## What to do
Before copying, find the line below that contains "台北 婚禮攝影,婚攝推薦,婚禮記錄 推薦"; then return it and all later lines exactly, up to and including the final line, with no pictures.

## Provided material

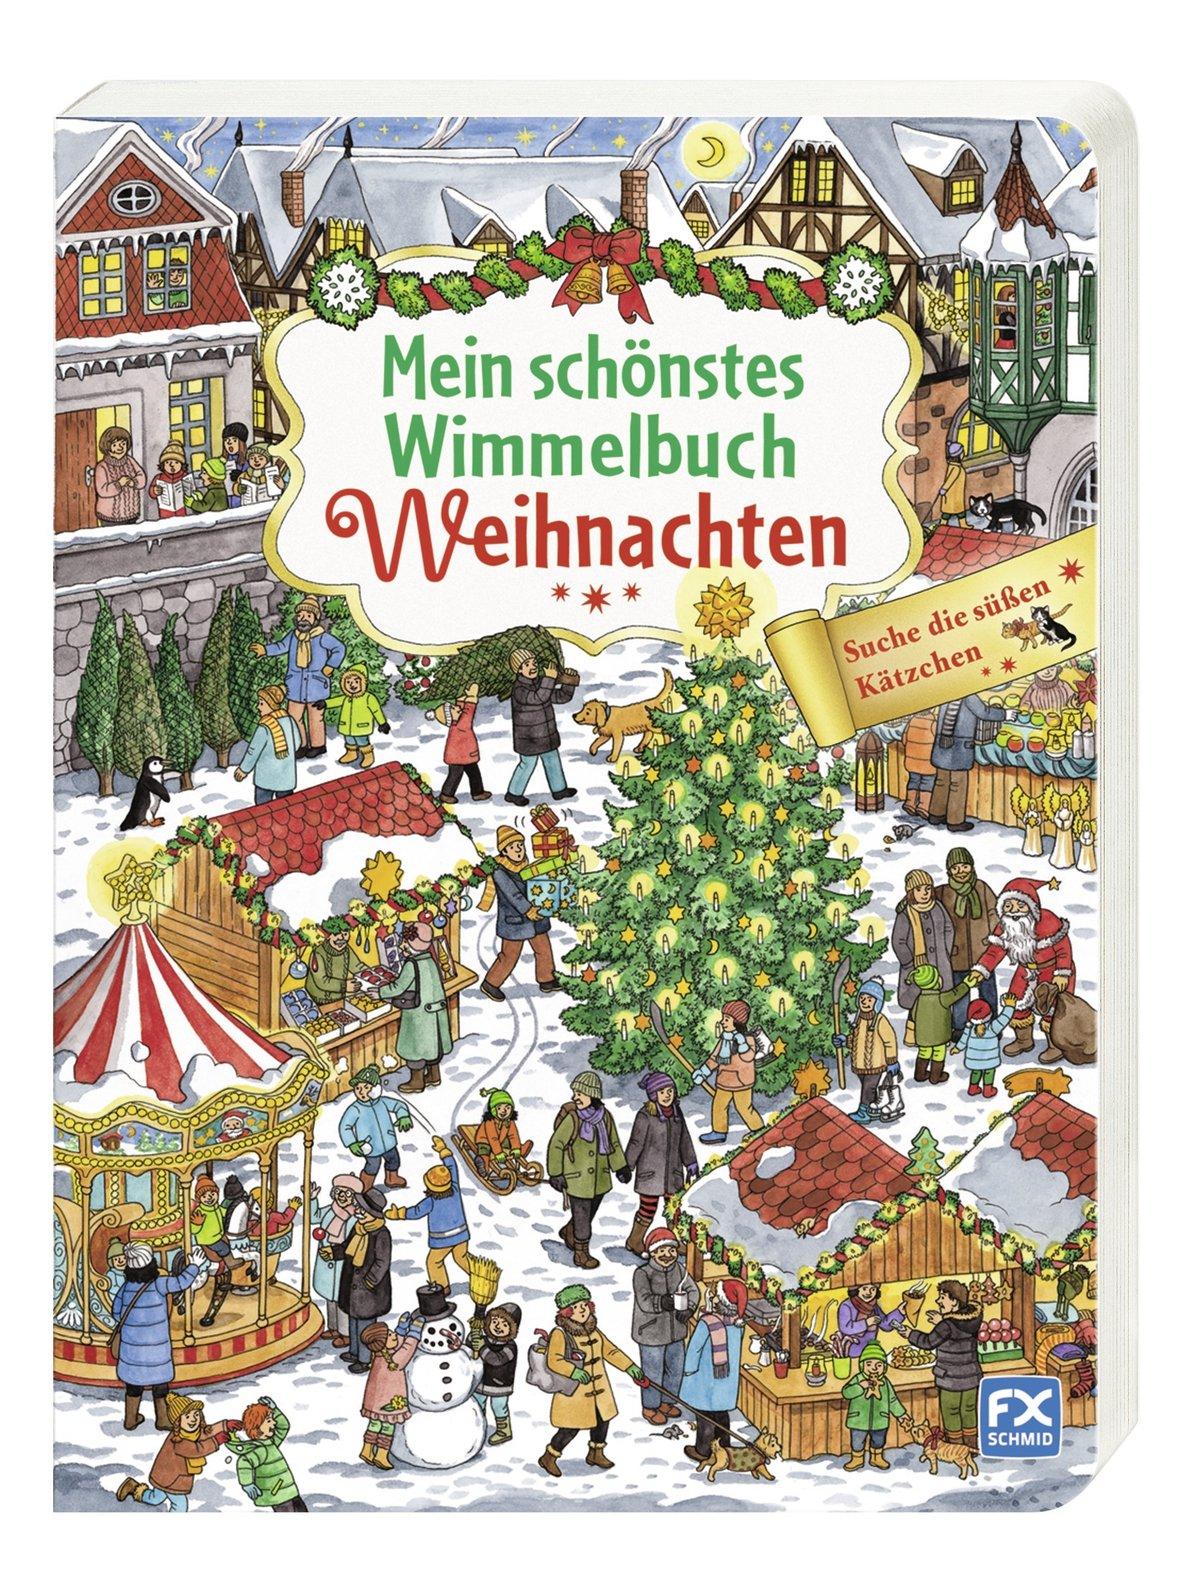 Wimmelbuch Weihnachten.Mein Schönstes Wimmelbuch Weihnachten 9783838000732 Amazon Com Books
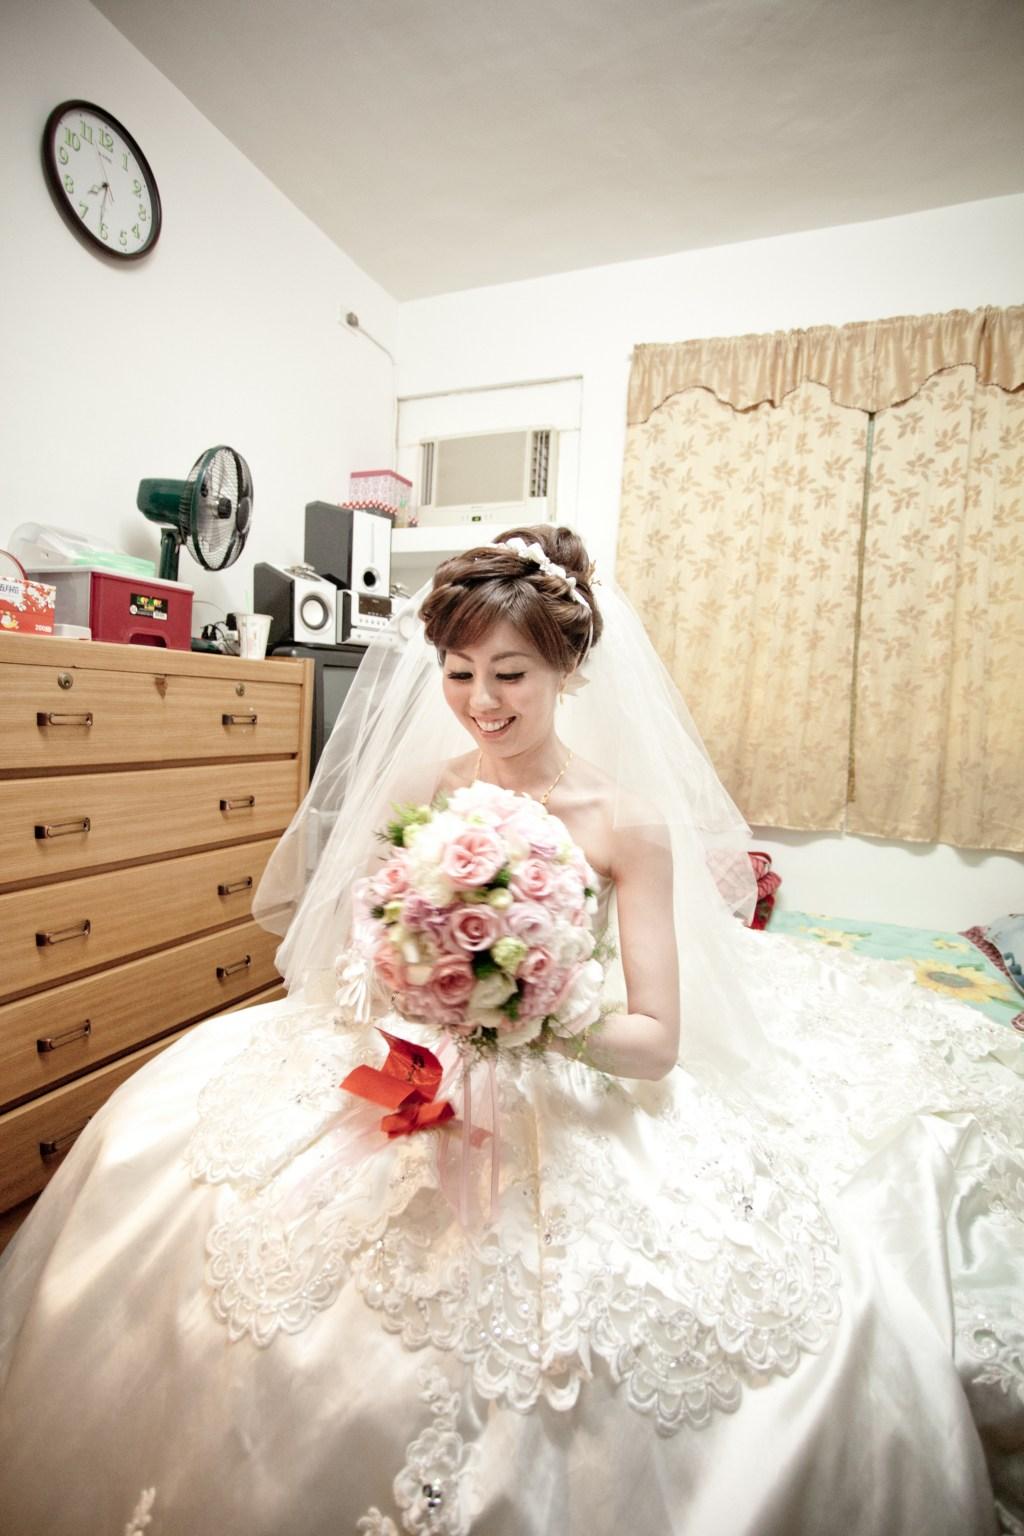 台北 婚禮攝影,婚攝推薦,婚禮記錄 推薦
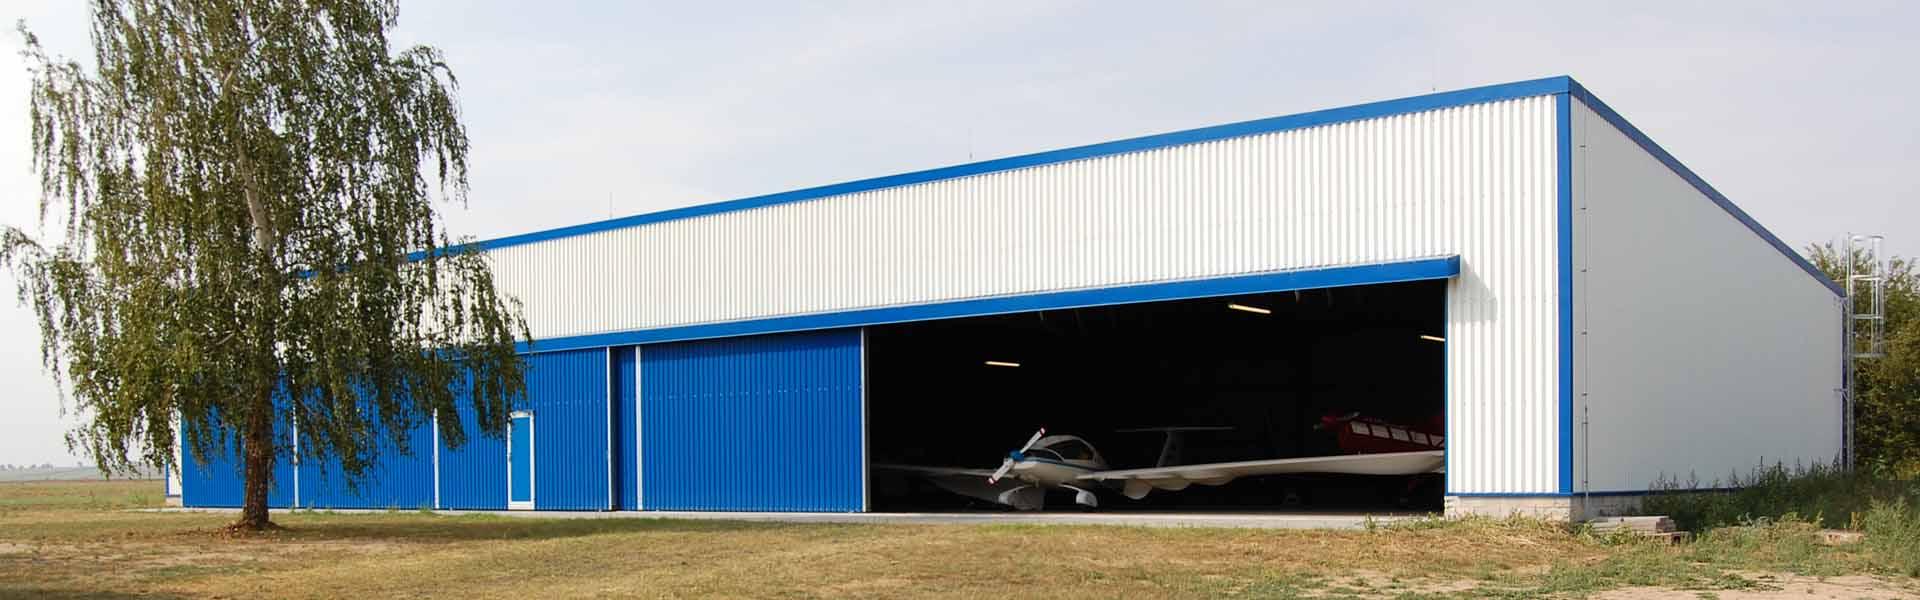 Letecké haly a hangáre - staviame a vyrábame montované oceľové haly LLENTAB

## Response to the exercise
 台北 婚禮攝影,婚攝推薦,婚禮記錄 推薦
 Letecké haly a hangáre - staviame a vyrábame montované oceľové haly LLENTAB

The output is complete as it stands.